**** Record set ****

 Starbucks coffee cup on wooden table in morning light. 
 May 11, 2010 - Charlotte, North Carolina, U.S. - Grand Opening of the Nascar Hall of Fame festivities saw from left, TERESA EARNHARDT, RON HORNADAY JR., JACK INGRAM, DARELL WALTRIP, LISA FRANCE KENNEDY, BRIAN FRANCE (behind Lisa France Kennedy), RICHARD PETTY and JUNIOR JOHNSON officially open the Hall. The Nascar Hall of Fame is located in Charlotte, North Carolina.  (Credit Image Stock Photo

****
**** Record set ****

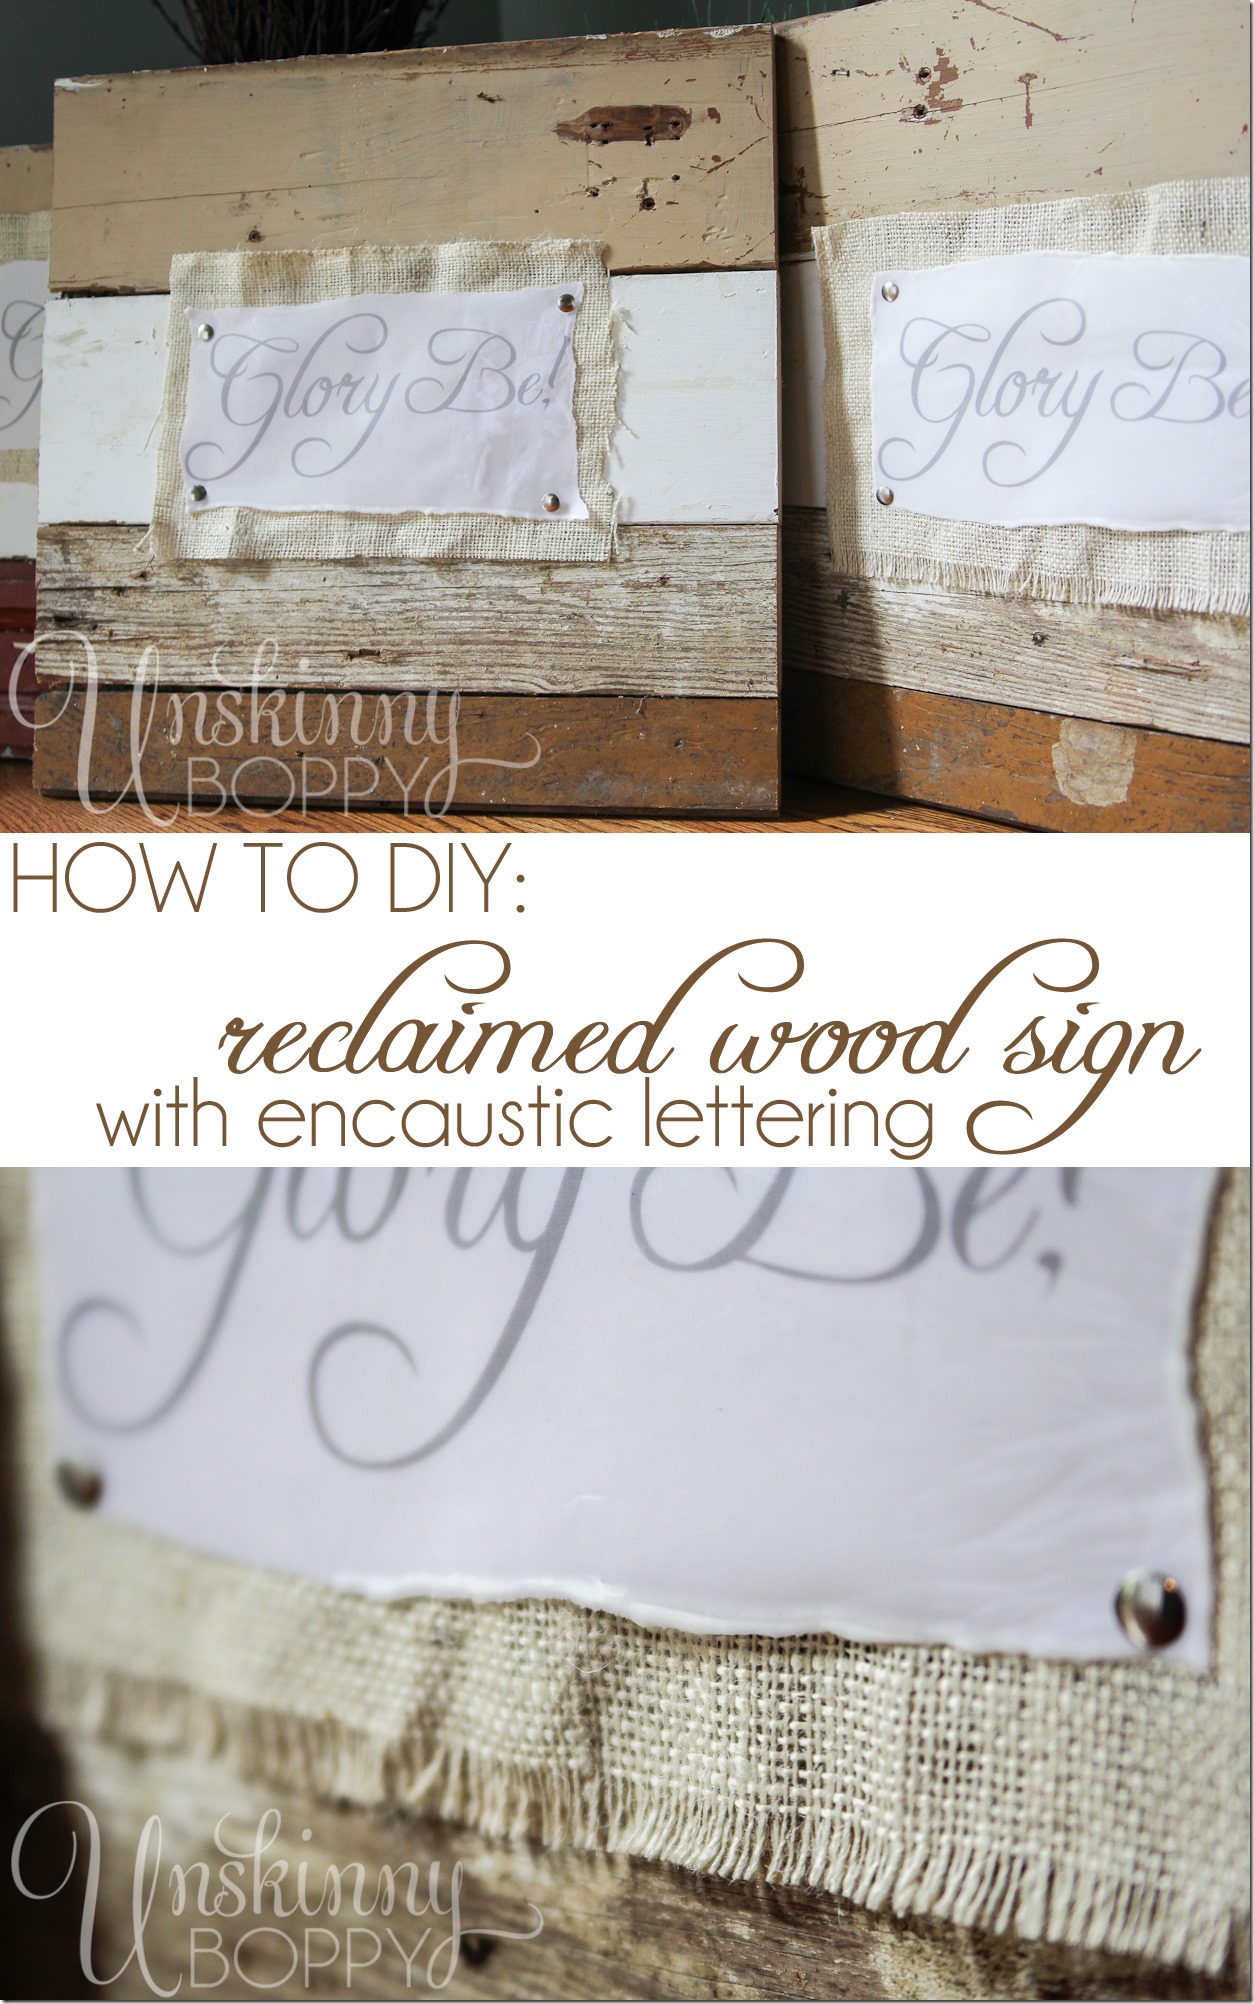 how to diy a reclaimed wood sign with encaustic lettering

****

_How to complete this task_
Taking the entries above, print exactly the lines starting at the line with "Starbucks coffee cup" and ending at the line with "May 11, 2010", both included.

_Completed exercise_
 Starbucks coffee cup on wooden table in morning light. 
 May 11, 2010 - Charlotte, North Carolina, U.S. - Grand Opening of the Nascar Hall of Fame festivities saw from left, TERESA EARNHARDT, RON HORNADAY JR., JACK INGRAM, DARELL WALTRIP, LISA FRANCE KENNEDY, BRIAN FRANCE (behind Lisa France Kennedy), RICHARD PETTY and JUNIOR JOHNSON officially open the Hall. The Nascar Hall of Fame is located in Charlotte, North Carolina.  (Credit Image Stock Photo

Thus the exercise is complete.